アセットアロケーション(資産配分)の基本をGPIFのポートフォリオを参考に解説。年齢別・リスク許容度別の推奨配分、リバランスの方法と頻度まで網羅します。

投資で最も重要なのは「何を買うか」ではなく「配分」

投資のリターンの約90%は資産配分(アセットアロケーション)で決まると言われています。個別銘柄の選定やタイミングよりも、株式・債券・現金をどの比率で持つかが、長期的なリターンとリスクを左右します。

これは1986年にブリンソン、フッド、ビーバウワーが発表した有名な研究で示され、その後の追試でも繰り返し確認されています。つまり、最初に決めるべきは「どの投資信託を買うか」ではなく、「株と債券をどう配分するか」なのです。

アセットアロケーションの4つの資産クラス

分散投資の基本は、以下の4つの資産クラスに分けて投資することです。

資産クラス特徴期待リターン(年率)リスク(標準偏差)
国内株式日本企業の成長に投資約5.6%約23%
外国株式先進国・新興国の株式約7.2%約25%
国内債券日本国債中心、安定性が高い約0.7%約2.6%
外国債券先進国の国債・社債約3.0%約12%

※期待リターン・リスクはGPIF(年金積立金管理運用独立行政法人)の2020年基本ポートフォリオ策定時の前提値。

リスクとリターンの関係

投資の鉄則は「高いリターンには高いリスクが伴う」ということ。標準偏差23%とは、年間リターンが平均値から±23%の範囲に約68%の確率で収まることを意味します。

  • 約68%の確率で「−17.8%〜+32.2%」の範囲に収まる
  • 約95%の確率で「−42.8%〜+57.2%」の範囲に収まる

リスクを取れない人が株式100%で運用すると、暴落時に耐えられず売却してしまい、結果的に損をする可能性が高いのです。

GPIFのポートフォリオに学ぶ

GPIFは約246兆円(2024年度末時点)を運用する世界最大級の機関投資家です。その基本ポートフォリオは個人投資家にとっても参考になります。

資産クラスGPIF配分運用金額(概算)
国内株式25%約61.5兆円
外国株式25%約61.5兆円
国内債券25%約61.5兆円
外国債券25%約61.5兆円

GPIFの運用成績

期間年率リターン累計収益額
2001年〜2024年度約4.26%約153兆円
直近10年約8.5%
直近5年約11.0%

GPIFの25%均等配分は2020年に策定されたもので、それ以前は国内債券の比率が高めでした。均等配分にした後の成績は非常に好調です。
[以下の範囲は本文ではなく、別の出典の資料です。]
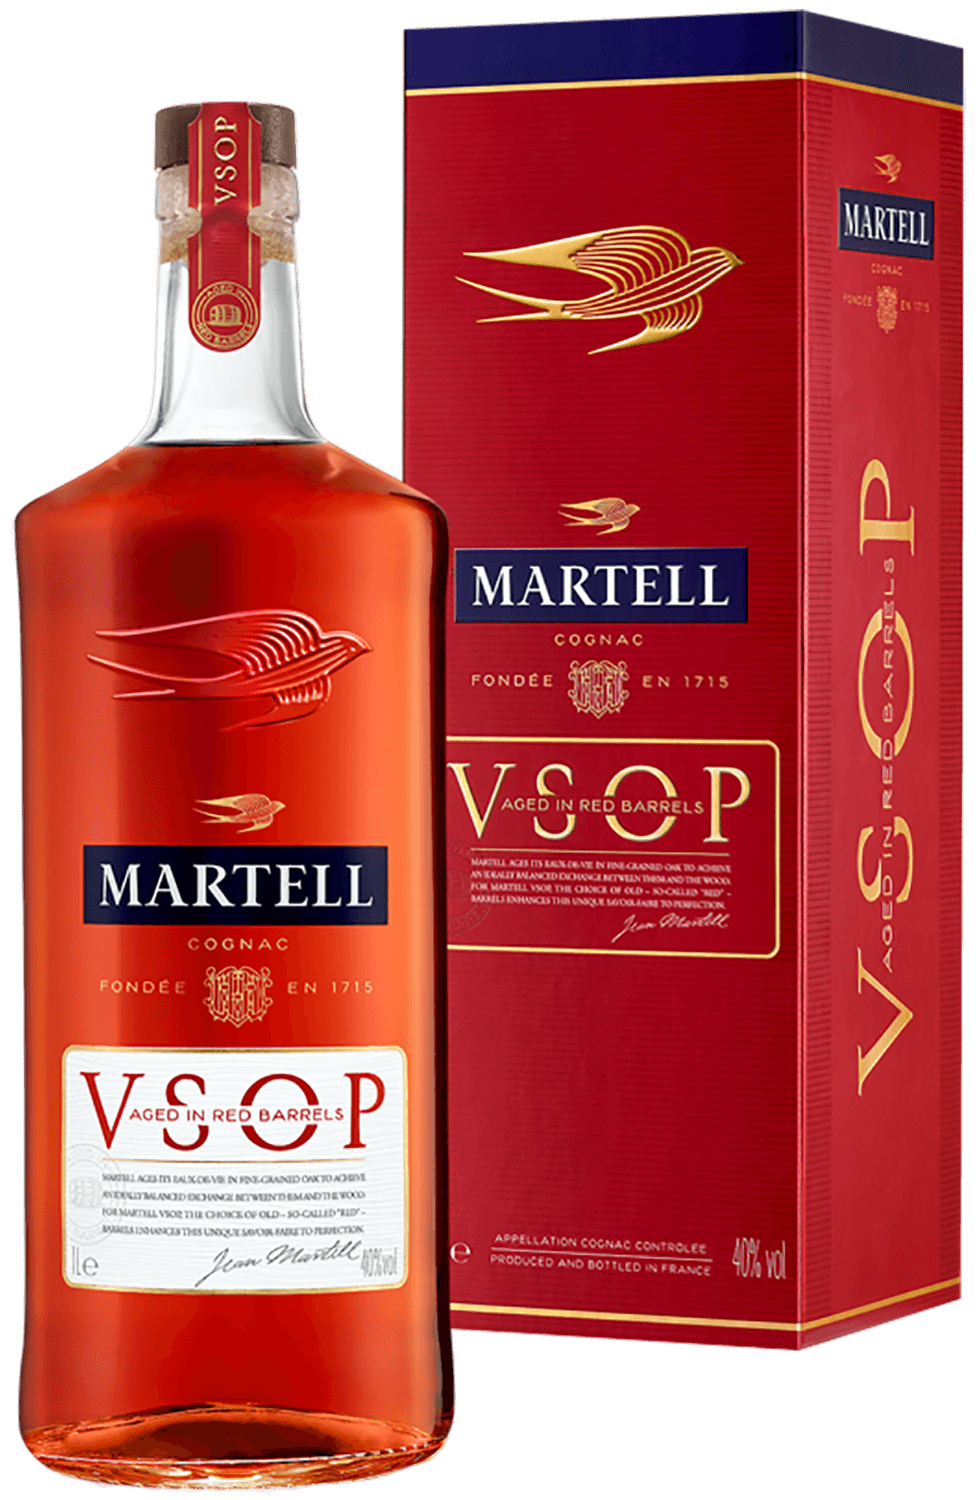 Martell VSOP Aged in Red Barrels (gift box)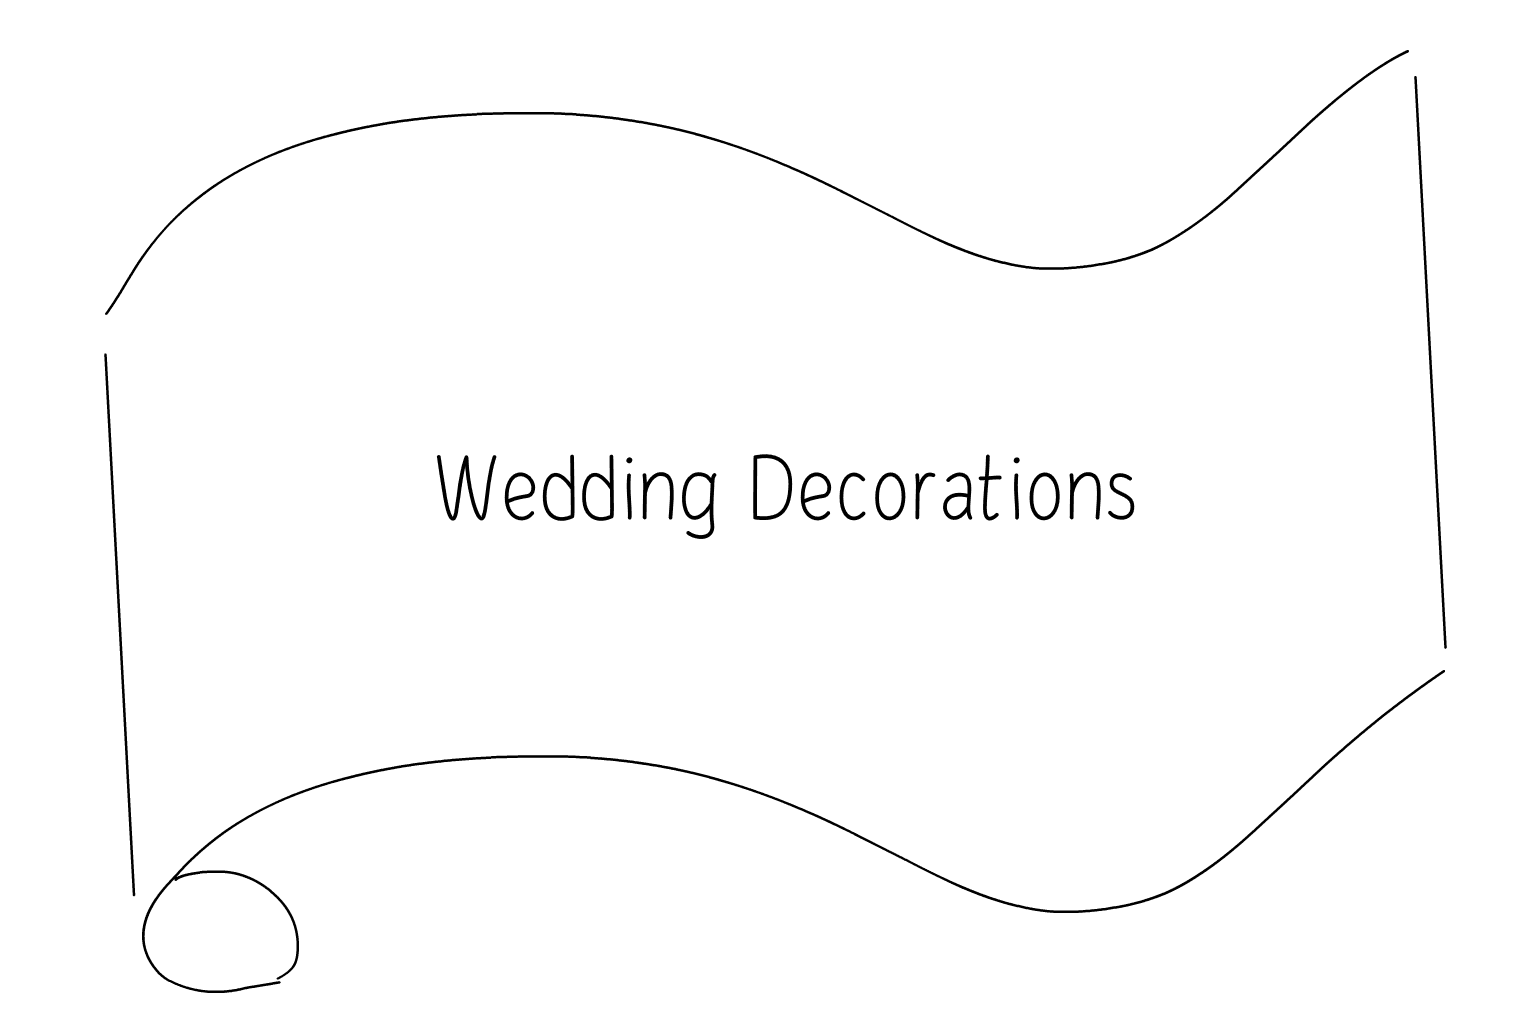 Illustration of Wedding Decorations

  • GPIFは年金支払いのために安定的な運用が必要
  • 若い個人投資家はより長い運用期間があるため、株式比率を高められる
  • GPIFの配分はあくまで「バランス型の参考」として見るのが適切

年齢別の推奨アセットアロケーション

一般的に「100 − 年齢 = 株式比率」という目安があります。ただし、これはあくまで出発点であり、収入の安定性や資産額、リスク許容度で調整が必要です。

年代株式比率債券比率現金・預金ポートフォリオ例
20代80〜90%0〜10%10%全世界株式90%+現金10%
30代70〜80%10〜20%10%全世界株式75%+債券15%+現金10%
40代50〜70%20〜30%10〜20%全世界株式60%+債券25%+現金15%
50代40〜60%30〜40%10〜20%全世界株式50%+債券35%+現金15%
60代〜20〜40%30〜50%20〜30%全世界株式30%+債券40%+現金30%

20代〜30代:攻めの配分

運用期間が30年以上あるため、短期的な暴落を気にする必要がありません。実際、S&P500は過去どの20年間を切り取っても、最終的にプラスリターンを達成しています。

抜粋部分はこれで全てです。